I can fix my car before my class. I’ve done it before. All I need to do is lift up on the left rear quarter panel and pop it right back into the frame, good as new. Not exactly! Within seconds, my lower back was in spasm as I tried to repeat the maneuver but with majorly reduced strength.
A no-go, I gathered my gear and limped off telling myself, “it’s muscular, just muscular”, to teach my Senior Shape Up class. Wrong.
Now if this had happened to you, I’d have told you to stop everything. Depending on the severity of the injury to either seek medical attention, go home and ice repeatedly throughout the day or both. More at: July/Aug. 2012, Vol. XI, Issue Seven/Eight – Rest, ice, compress, elevate (R.I.C.E.), Good Pain, Bad Pain, Treat Delayed Onset Muscle Soreness (DOMS)
Not me, I soldiered through an hour of resistive work followed by an hour of errands. When I returned home I knew I was in trouble.
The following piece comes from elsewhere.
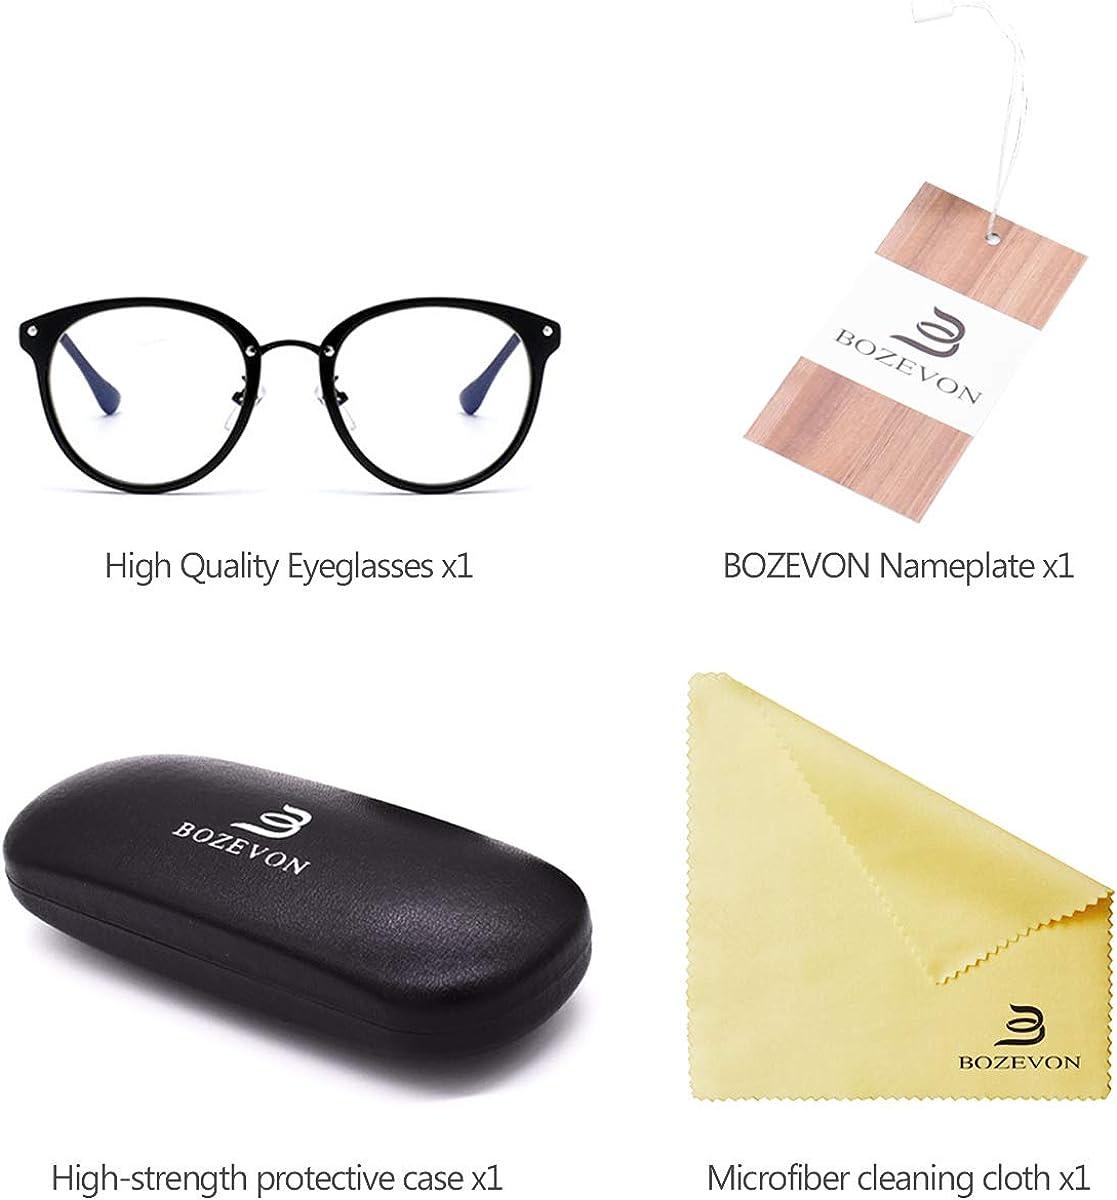 Gafas Anti-luz Azul Blue Light Blocking Glasses Gafas para Ordenador Gaming para Hombre Mujer Gafas Luz Azul Gafas Antifatiga BOZEVON Gafas anti-azules

Yet, it took another three hours, while icing and resting, to do the right thing, cancel my appointments for the following day to really rest, recover. Ah, denial…
Sound familiar? Downtime, even for legitimate reasons doesn’t bode well in today’s society. Especially during cold and flu season, most frequently with those, like myself who contract their services and have no paid sick days. Many keep on going, spreading germs or providing less than stellar care, because they’re just not 100%.
Last year, I had the opportunity to hear Dr. Hans Gruenn speak on the immune system and on stress. My over simplified, take-away: the body knows what it needs. It sends not-to-be-ignored messages. Heed them.
Semi-heeding, workaholic that I am, while writing this, I’m resting (on ice)!